The above discussed and other drawbacks and deficiencies of the prior art are overcome or alleviated by a memory storage system. In an exemplary embodiment, the memory storage system includes a plurality of memory storage banks and a cache in communication therewith. Both the plurality of memory storage banks and the cache further include destructive read memory storage elements.
In a preferred embodiment, the destructive read memory storage elements are dynamic random access memory (DRAM) storage cells. In addition, the system further includes a line buffer structure in communication with the plurality of memory storage banks and the cache. A buffer tag is associated with the line buffer structure, and a cache tag is associated with the cache. The line buffer structure includes a pair of register arrays, each capable of storing a full page of wordline data, as in a DRAM array. In other words, the line buffer structure includes two registers per data I/O.
The plurality of memory storage banks further comprises a number, n, of DRAM storage banks each having a number, m, of wordlines associated therewith. The cache further includes a pair of DRAM cache banks, each having the same number, m, of wordlines associated therewith. Furthermore, each buffer is capable of storing a data page therein, the data page including data bits destructively read from a selected wordline of a selected DRAM storage bank, or a selected wordline of a selected DRAM cache bank. Data originally contained within one of the DRAM storage banks may be stored in one of the DRAM cache banks. Any data contained in the pair of DRAM cache banks that is originally associated with the DRAM storage banks is stored therein through a direct mapping scheme, wherein data associated with a given wordline address within one the DRAM storage banks is stored within that wordline address within one of the DRAM cache banks.

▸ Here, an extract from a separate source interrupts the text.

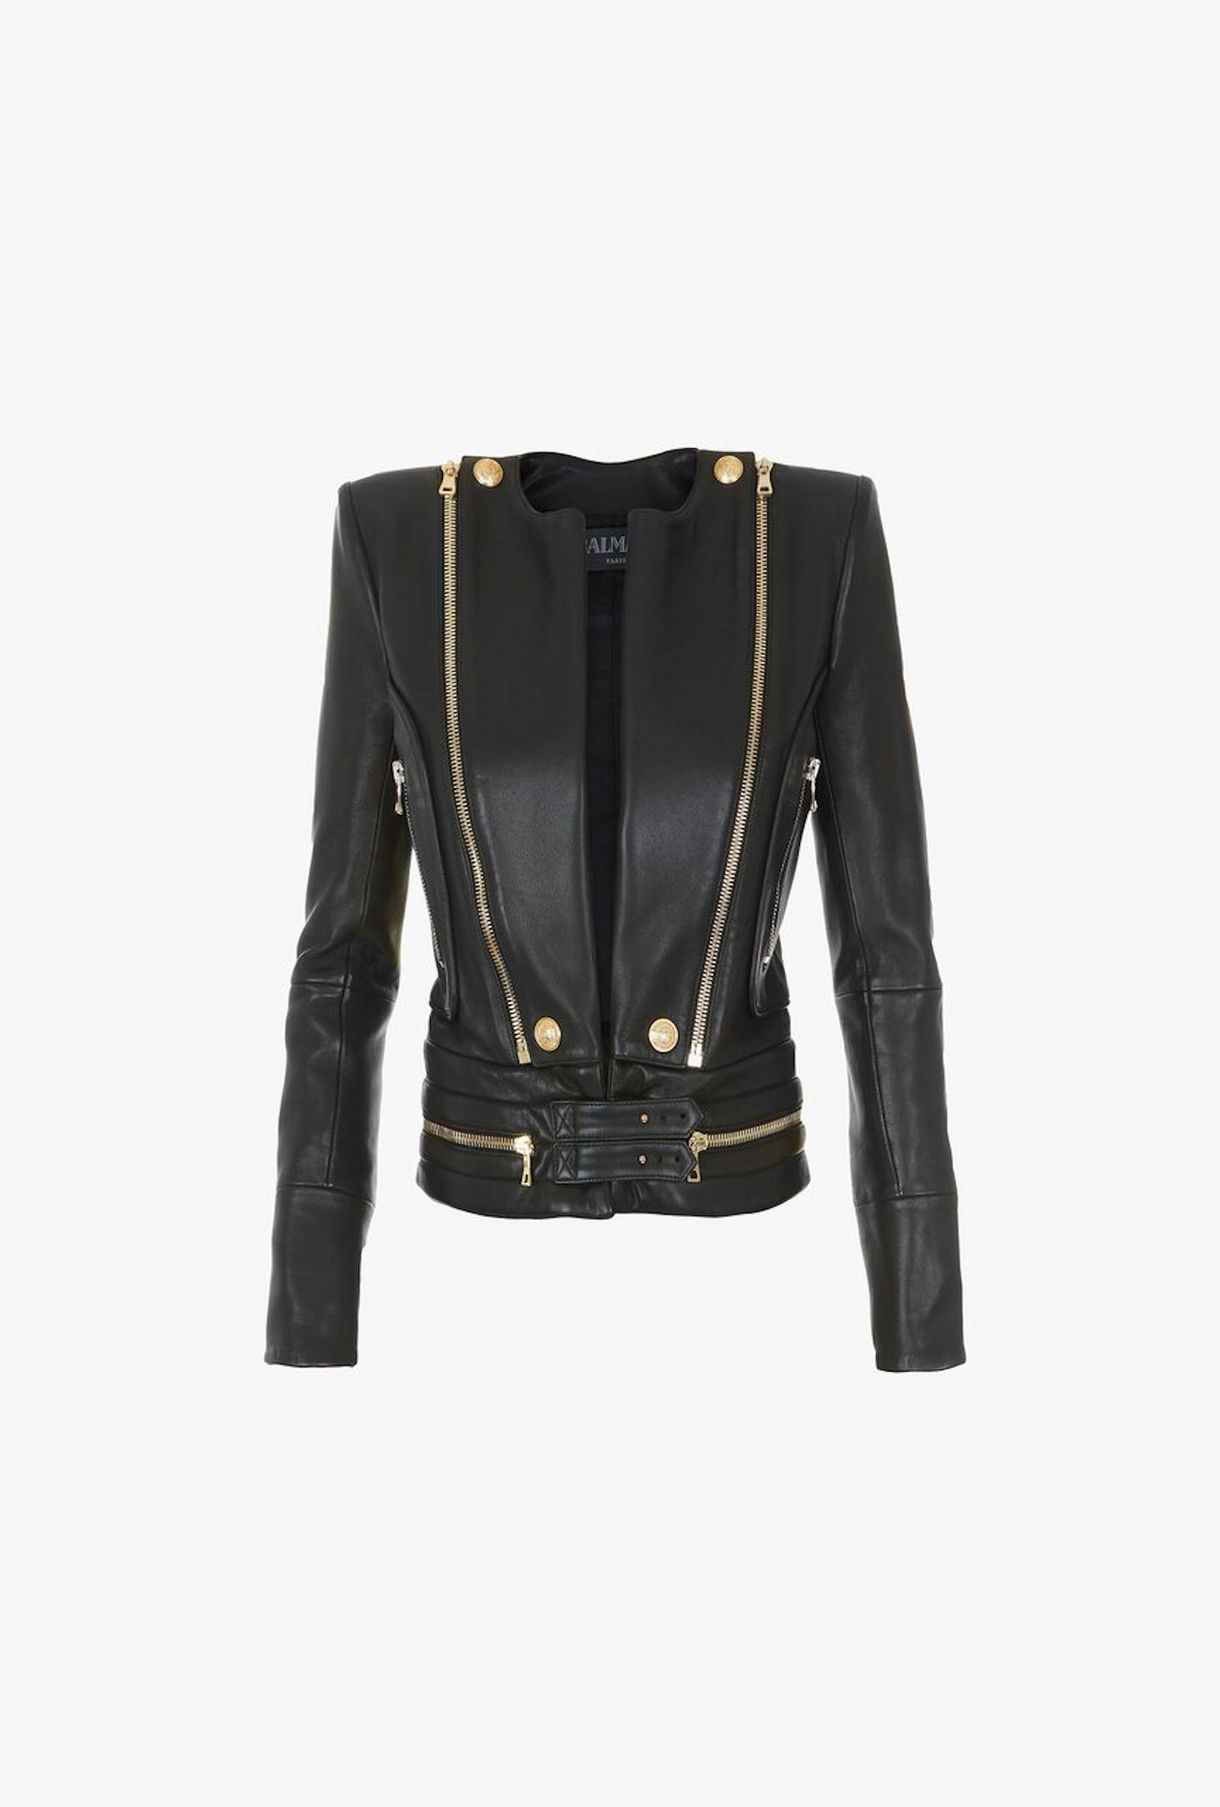 Leather Jacket With Gold Tone Zipper Accents For Women Balmain Com Denim Mini Dress Coats For Women Black Leather Pants [ 1807 x 1220 Pixel ]

In another aspect, a method for controlling the movement of data within a dynamic random access memory (DRAM) system has a number, n, of DRAM storage banks, a line buffer structure and a cache. In an exemplary embodiment, the method includes defining a set of allowable states for valid data to exist within the storage banks, the buffer structure, and the cache. The DRAM system is initialized prior to a first random access request for data stored within the DRAM storage banks, wherein the initializing conforms to the defined set of allowable states. Following the first random access request for data, and following any subsequent random access request for data thereafter, the requested data is made available in the buffer structure, and the set of allowable states is upheld.